Instagram can also be a great source for Graphic Design inspiration. This is the focus of my Instagram content, as well as shots of the products I use to do my work and stories about how they help me work faster. I also give small book reviews using Instagram and put out inspiration memes.
But if the goal is to get paying clients, it is less likely to happen in these platforms, though not impossible.
Instagram does not allow you to link out except with your profile link, so that limits your ability to tie post to a call to action effectively. Also Instagram makes it very difficult to automate, so you can’t easily schedule post when you’re busy. Pinterest has similar issues both in terms of some limitations regarding linking out and the difficulty in scheduling post.
You should still take advantage of both of these platforms and use them to get attention that can funnel to either your website or a stronger platform you’re already converting in. In my case that would be my YouTube channel.
YouTube for Graphic Designers
The best overall strategy for Graphic Designers using YouTube is not tutorial videos or tips, though that has helped me a lot, not everyone is capable of doing this, and as a designer you don’t need to. The best strategy (in my opinion) is to show your work and your process. This might seem counterintuitive but its going to attract clients and help you close deals.
If you have 20 videos showing yourself working in Photoshop, InDesign, or Illustrator working on a project from start to finish, and another designer doesn’t, who do you think a potential client will be less anxious about hiring?
If you’re marketing yourself in a Freelance website, being able to post a link or embed a video in your portfolio that shows you doing the work will count for a lot! Imagine that someone you email your PDF portfolio to can click on a video to see you working on a project or discussing the project or walking through it, just like an interview.
If you don’t know where to get started with building a YouTube channel or producing that content I have an entire playlist of videos addressing that and I’m always available to answer questions via Social Media.
Behance and Why It is a Social Network
You may be familiar with Behance as a portfolio site but you may not also be viewing it as a social network. It absolutely is a social network, and it is one geared towards creative professionals. Commenting on, collecting, and appreciating the artwork of others is a great way to connect and build relationships. Many Art Directors and Creative Directors search Behance for new talent.

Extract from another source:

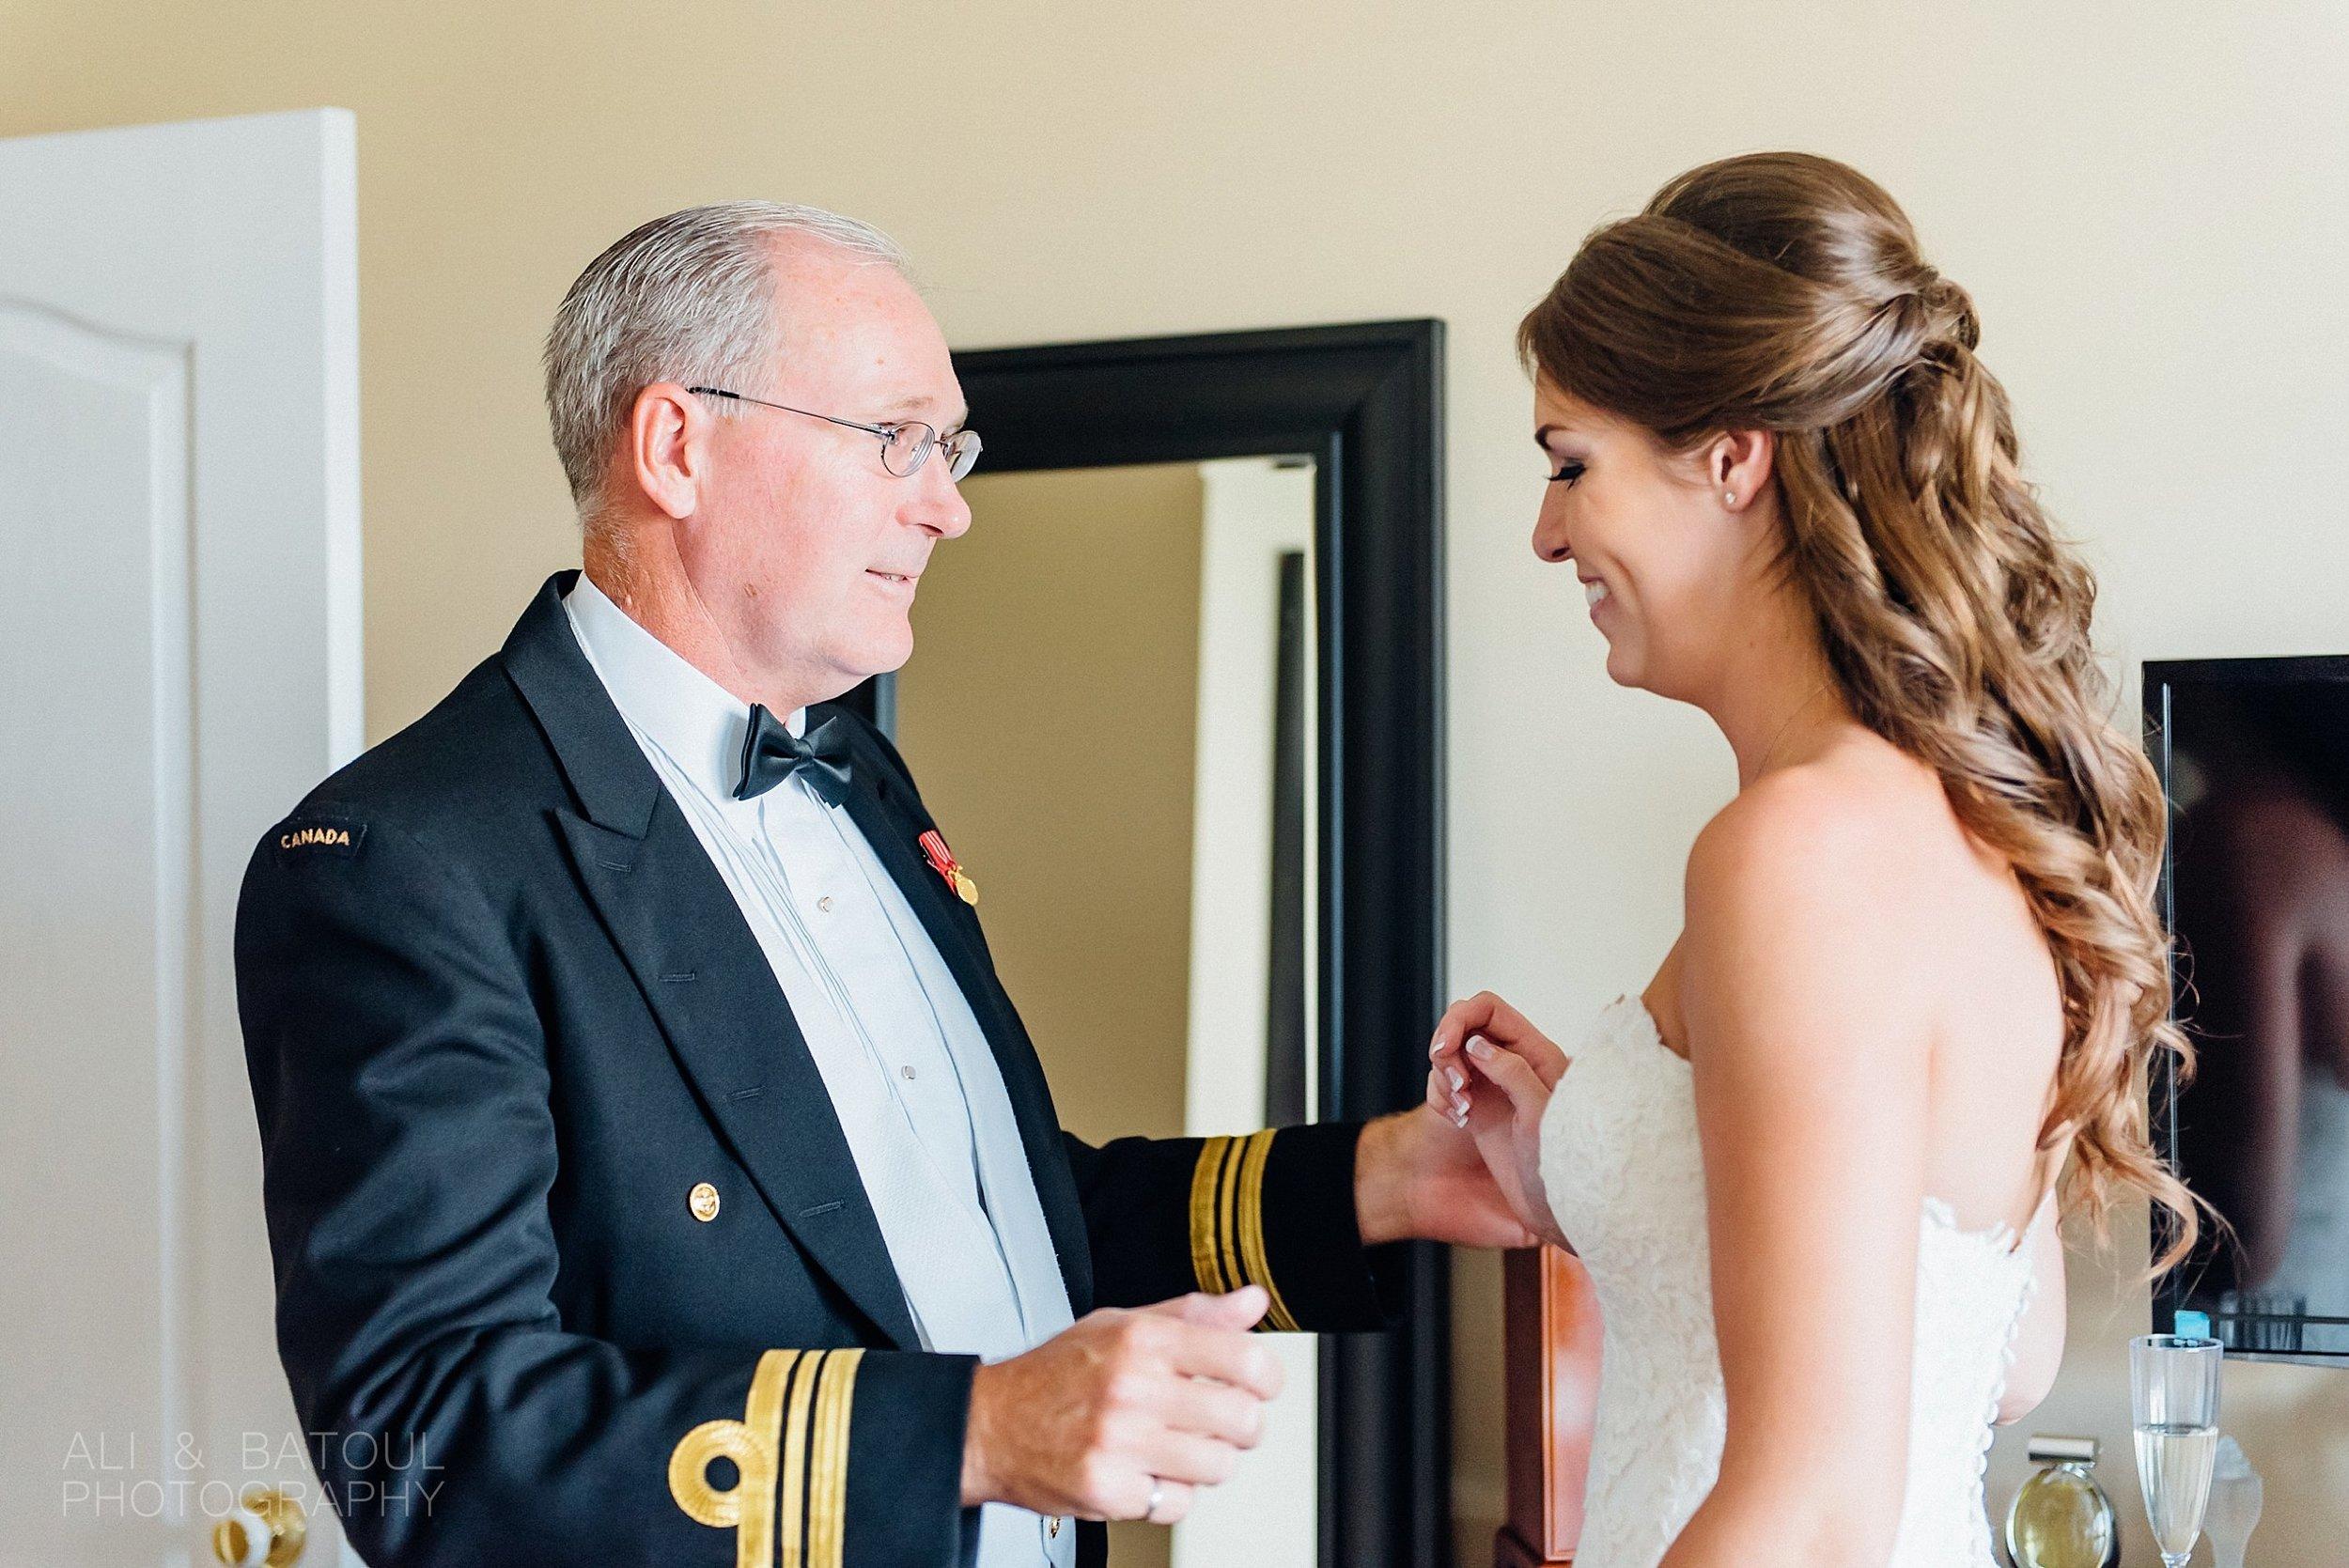 Ali & Batoul Photography - Documentary Fine Art Ottawa Wedding Photography_0011.jpg

Being here and being a part of the community can create a lot of opportunities for you as a Creative. I’m actually going to be starting a monthly showcase, featuring artists from Behance on my channel and critiquing their artwork. This is an example of opportunity to get exposure and engage by using Behance.
Social Media is supposed to be SOCIAL first and MEDIA second. So make sure that you focus on the relationships you want to build and the value you want to create, not just how many people you can put yourself in front of. Most people fail to realize its not a numbers game, it’s a relationship game!